*Information provided*:
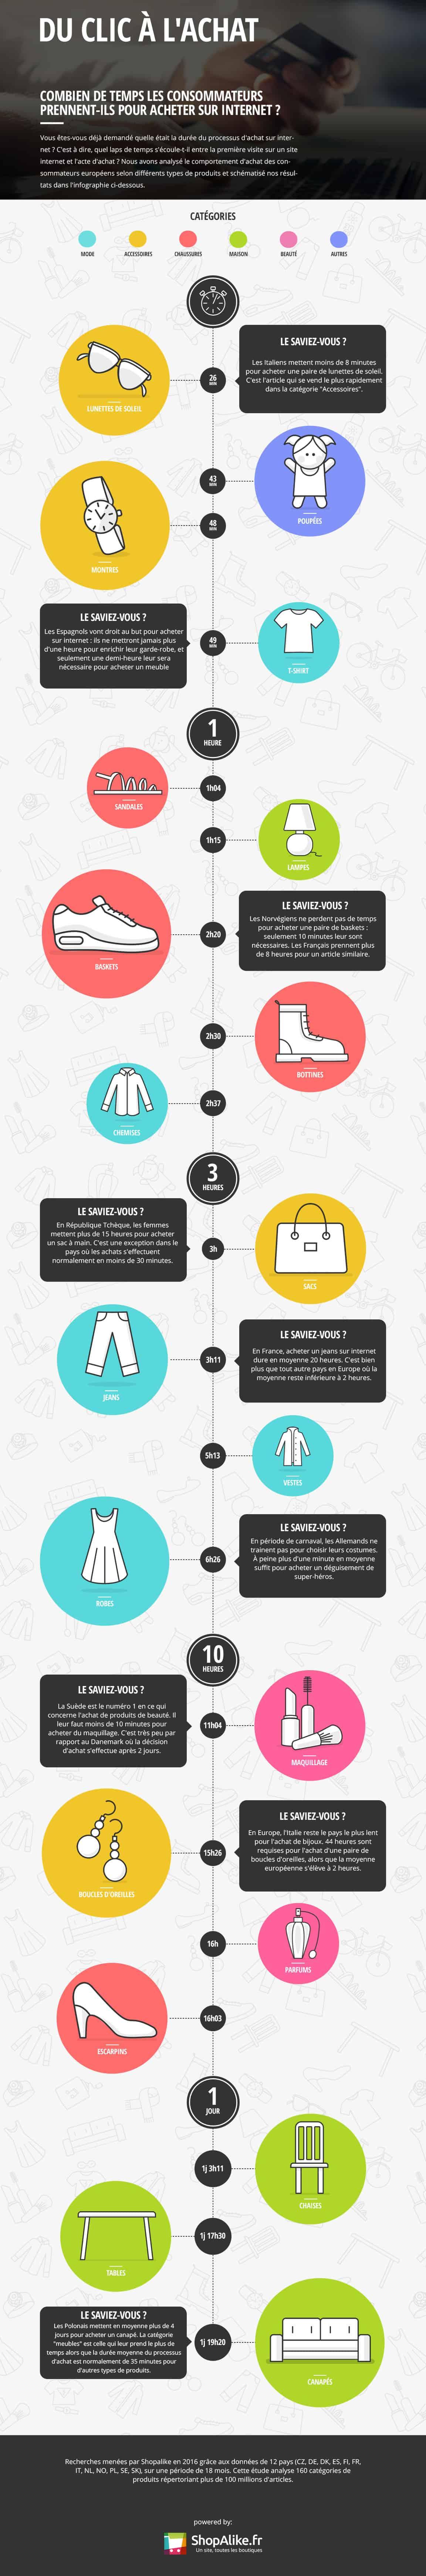 Infographie: quelle durée de réflexion pour quel achat via le e-commerce?
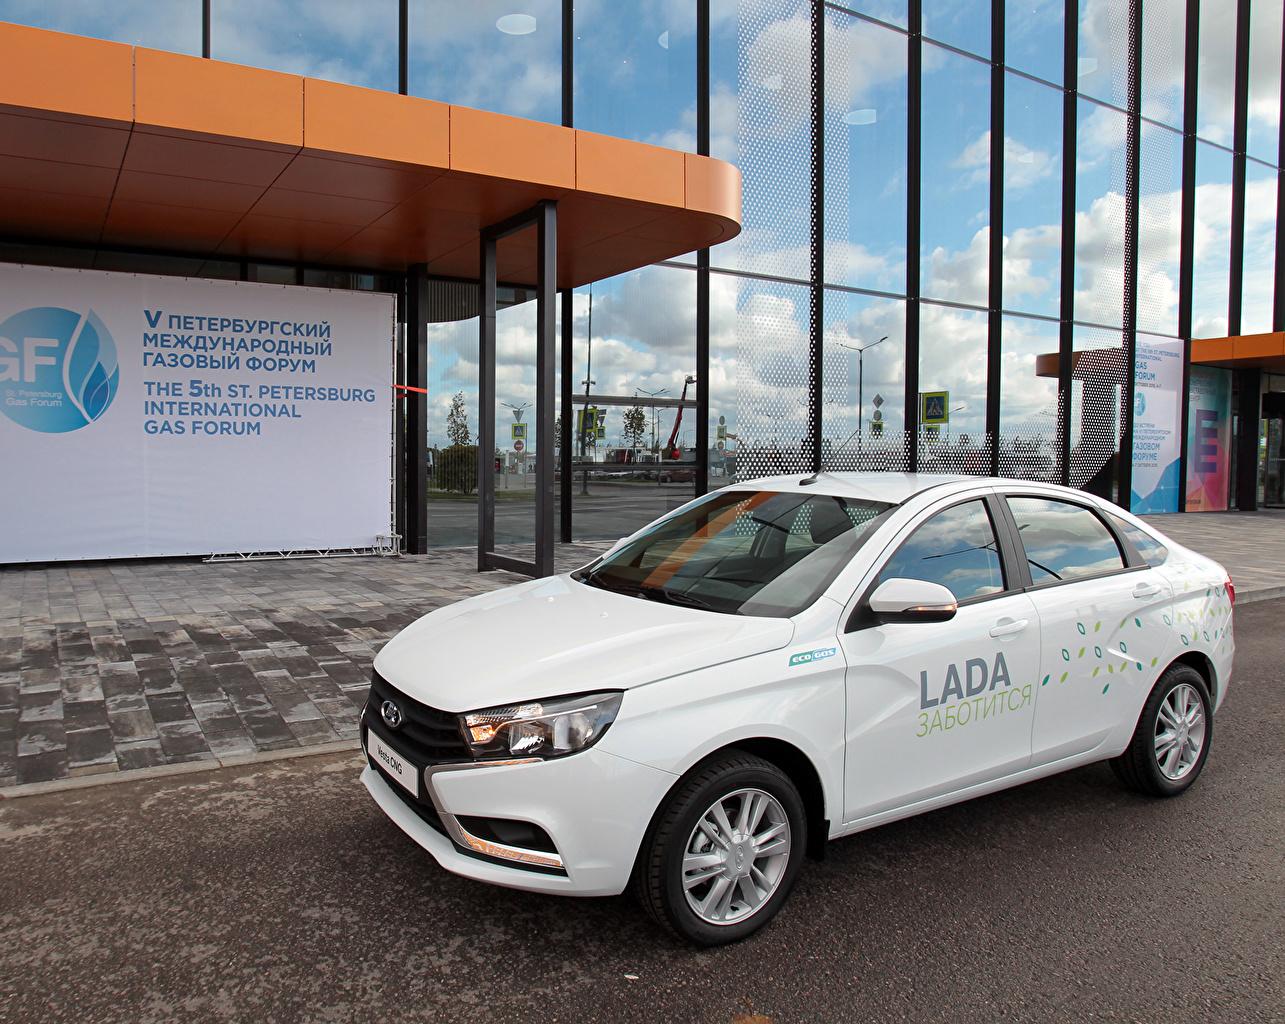 Pictures Lada Russian cars 2015 Vesta CNG White Cars auto automobile
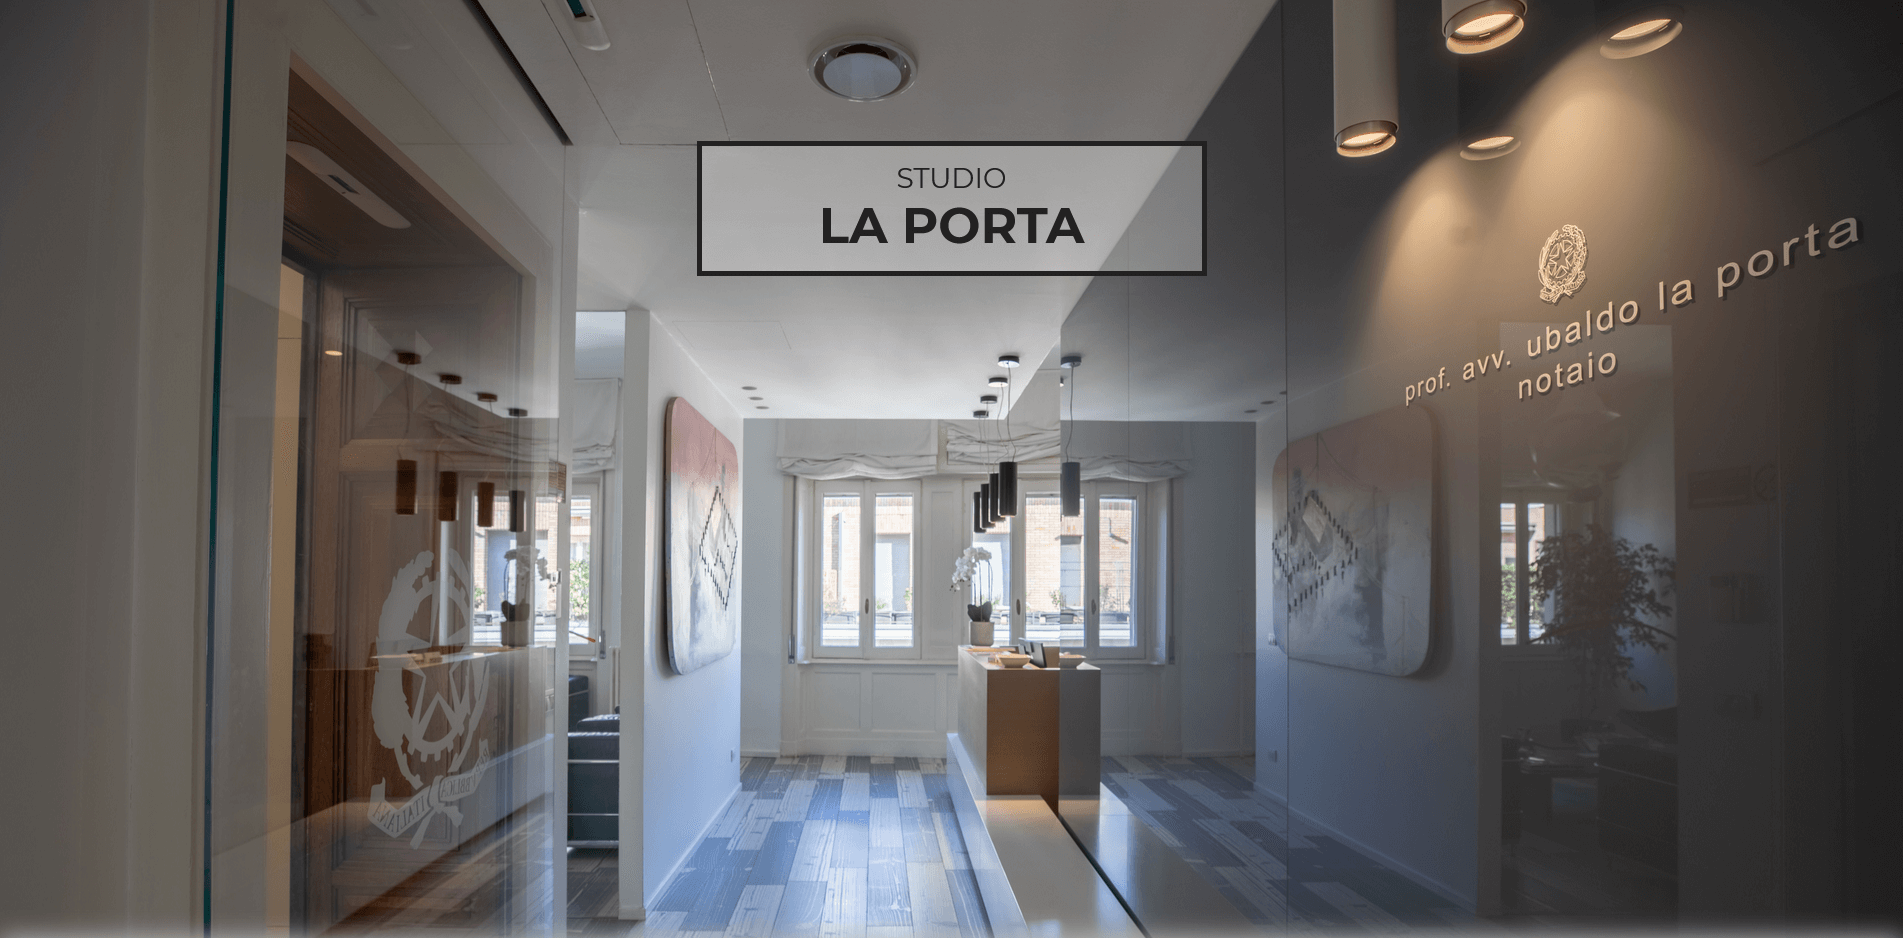 Studio La Porta

*Problem to work on*: An exact reproduction of the data is required, with pictures excluded.

*Response to the exercise*:
 Infographie: quelle durée de réflexion pour quel achat via le e-commerce?
 Pictures Lada Russian cars 2015 Vesta CNG White Cars auto automobile
 Studio La Porta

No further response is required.